**Problem description:**
In full and word for word, copy the records that follow.

########

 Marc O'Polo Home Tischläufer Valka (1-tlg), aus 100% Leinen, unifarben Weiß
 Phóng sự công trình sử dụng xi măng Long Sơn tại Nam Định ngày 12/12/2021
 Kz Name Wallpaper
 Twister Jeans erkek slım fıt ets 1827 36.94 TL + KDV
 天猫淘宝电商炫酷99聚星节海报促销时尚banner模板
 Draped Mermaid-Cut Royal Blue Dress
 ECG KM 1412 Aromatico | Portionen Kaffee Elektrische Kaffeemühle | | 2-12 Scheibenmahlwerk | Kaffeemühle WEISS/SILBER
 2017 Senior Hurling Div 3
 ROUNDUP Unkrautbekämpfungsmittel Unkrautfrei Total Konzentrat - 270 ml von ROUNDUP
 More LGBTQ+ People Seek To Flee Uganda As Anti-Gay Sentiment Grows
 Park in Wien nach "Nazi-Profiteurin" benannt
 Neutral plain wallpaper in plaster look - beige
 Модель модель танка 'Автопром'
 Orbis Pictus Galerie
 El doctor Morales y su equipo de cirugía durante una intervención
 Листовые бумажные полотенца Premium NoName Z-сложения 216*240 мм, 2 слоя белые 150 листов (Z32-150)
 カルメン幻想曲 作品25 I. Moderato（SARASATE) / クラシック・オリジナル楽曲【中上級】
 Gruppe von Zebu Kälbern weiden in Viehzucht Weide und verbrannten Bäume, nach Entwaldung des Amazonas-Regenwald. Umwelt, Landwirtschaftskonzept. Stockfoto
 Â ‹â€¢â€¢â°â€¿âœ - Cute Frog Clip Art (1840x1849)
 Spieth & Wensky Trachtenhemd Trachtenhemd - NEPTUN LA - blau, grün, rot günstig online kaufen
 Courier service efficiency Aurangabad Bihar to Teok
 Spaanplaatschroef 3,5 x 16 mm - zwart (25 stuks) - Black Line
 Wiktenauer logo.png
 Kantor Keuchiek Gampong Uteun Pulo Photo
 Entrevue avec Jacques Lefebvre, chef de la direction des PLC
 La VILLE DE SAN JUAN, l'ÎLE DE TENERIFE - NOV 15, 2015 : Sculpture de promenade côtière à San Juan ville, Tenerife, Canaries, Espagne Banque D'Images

########

**Task result:**
 Marc O'Polo Home Tischläufer Valka (1-tlg), aus 100% Leinen, unifarben Weiß
 Phóng sự công trình sử dụng xi măng Long Sơn tại Nam Định ngày 12/12/2021
 Kz Name Wallpaper
 Twister Jeans erkek slım fıt ets 1827 36.94 TL + KDV
 天猫淘宝电商炫酷99聚星节海报促销时尚banner模板
 Draped Mermaid-Cut Royal Blue Dress
 ECG KM 1412 Aromatico | Portionen Kaffee Elektrische Kaffeemühle | | 2-12 Scheibenmahlwerk | Kaffeemühle WEISS/SILBER
 2017 Senior Hurling Div 3
 ROUNDUP Unkrautbekämpfungsmittel Unkrautfrei Total Konzentrat - 270 ml von ROUNDUP
 More LGBTQ+ People Seek To Flee Uganda As Anti-Gay Sentiment Grows
 Park in Wien nach "Nazi-Profiteurin" benannt
 Neutral plain wallpaper in plaster look - beige
 Модель модель танка 'Автопром'
 Orbis Pictus Galerie
 El doctor Morales y su equipo de cirugía durante una intervención
 Листовые бумажные полотенца Premium NoName Z-сложения 216*240 мм, 2 слоя белые 150 листов (Z32-150)
 カルメン幻想曲 作品25 I. Moderato（SARASATE) / クラシック・オリジナル楽曲【中上級】
 Gruppe von Zebu Kälbern weiden in Viehzucht Weide und verbrannten Bäume, nach Entwaldung des Amazonas-Regenwald. Umwelt, Landwirtschaftskonzept. Stockfoto
 Â ‹â€¢â€¢â°â€¿âœ - Cute Frog Clip Art (1840x1849)
 Spieth & Wensky Trachtenhemd Trachtenhemd - NEPTUN LA - blau, grün, rot günstig online kaufen
 Courier service efficiency Aurangabad Bihar to Teok
 Spaanplaatschroef 3,5 x 16 mm - zwart (25 stuks) - Black Line
 Wiktenauer logo.png
 Kantor Keuchiek Gampong Uteun Pulo Photo
 Entrevue avec Jacques Lefebvre, chef de la direction des PLC
 La VILLE DE SAN JUAN, l'ÎLE DE TENERIFE - NOV 15, 2015 : Sculpture de promenade côtière à San Juan ville, Tenerife, Canaries, Espagne Banque D'Images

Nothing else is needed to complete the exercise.